AMENDED AND RESTATED

SAVINGS INSTITUTE BANK AND TRUST COMPANY

EMPLOYEE SEVERANCE COMPENSATION PLAN

PLAN PURPOSE

The purpose of the Savings Institute Bank and Trust Company Employee Severance Compensation Plan (the “Plan”) is to assure the services of employees of the Bank (and affiliates of the Bank that adopt the Plan) in the event of a Change in Control of the Company (capitalized terms are defined in Section 2.1). The benefits contemplated by the Plan recognize the value to the Bank of the services and contributions of the employees of the Bank and the effect upon the Bank resulting from the uncertainties of continued employment, reduced employee benefits, management changes and relocations that may arise in the event of a Change in Control.
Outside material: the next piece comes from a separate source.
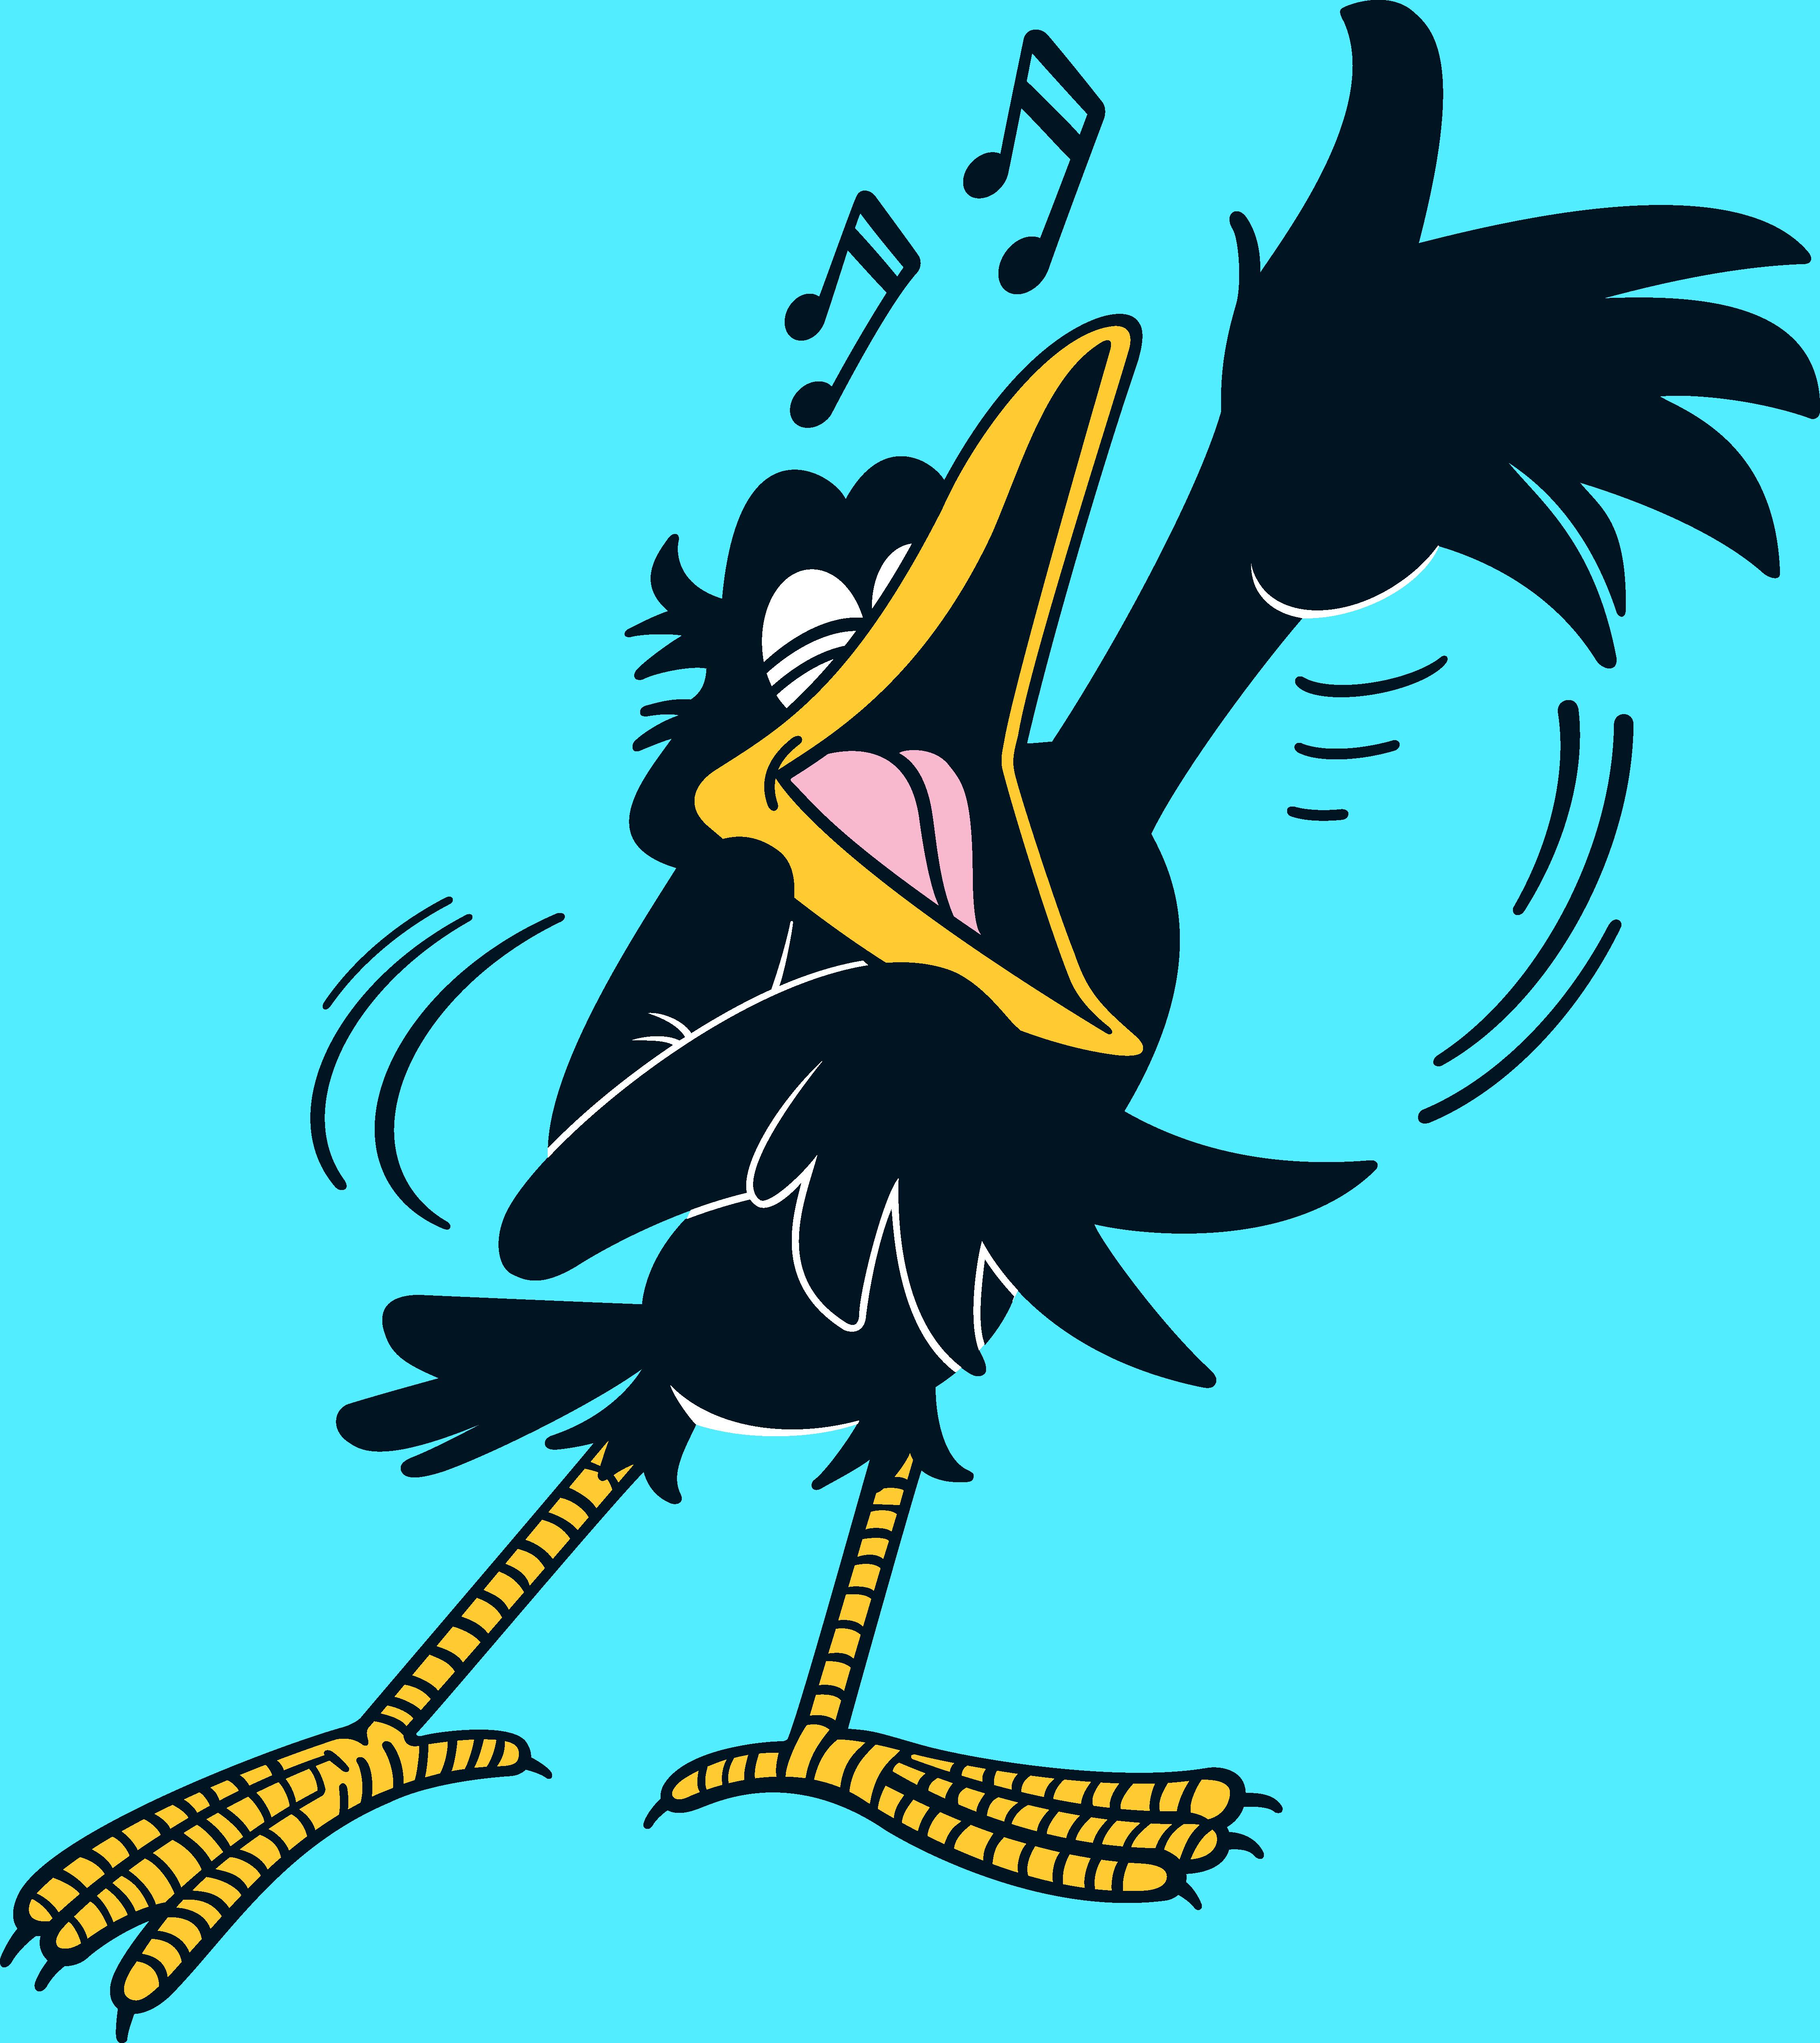 Crow, Bananaman's sidekick

The Board of Directors of the Bank believes that the Plan will also aid the Bank in attracting and retaining highly qualified individuals who are essential to its success and the Plan’s assurance of fair treatment of the Bank’s employees will reduce the distractions and other adverse effects on employees’ performance in the event of a Change in Control.

ARTICLE I

ESTABLISHMENT OF PLAN

1.1 Establishment of Plan

As of the Effective Date of the Plan, the Bank hereby establishes an employee severance compensation plan to be known as the “Savings Institute Bank and Trust Company Employee Severance Compensation Plan.” The Bank has amended and restated this Plan on December 17, 2008 to conform with the requirements of Section 409A of the Internal Revenue Code of 1986, as amended (the “Code”)

1.2 Applicability of Plan

The benefits provided by this Plan shall be available to all employees of the Bank, who, at or after the Effective Date, meet the eligibility requirements of Article III.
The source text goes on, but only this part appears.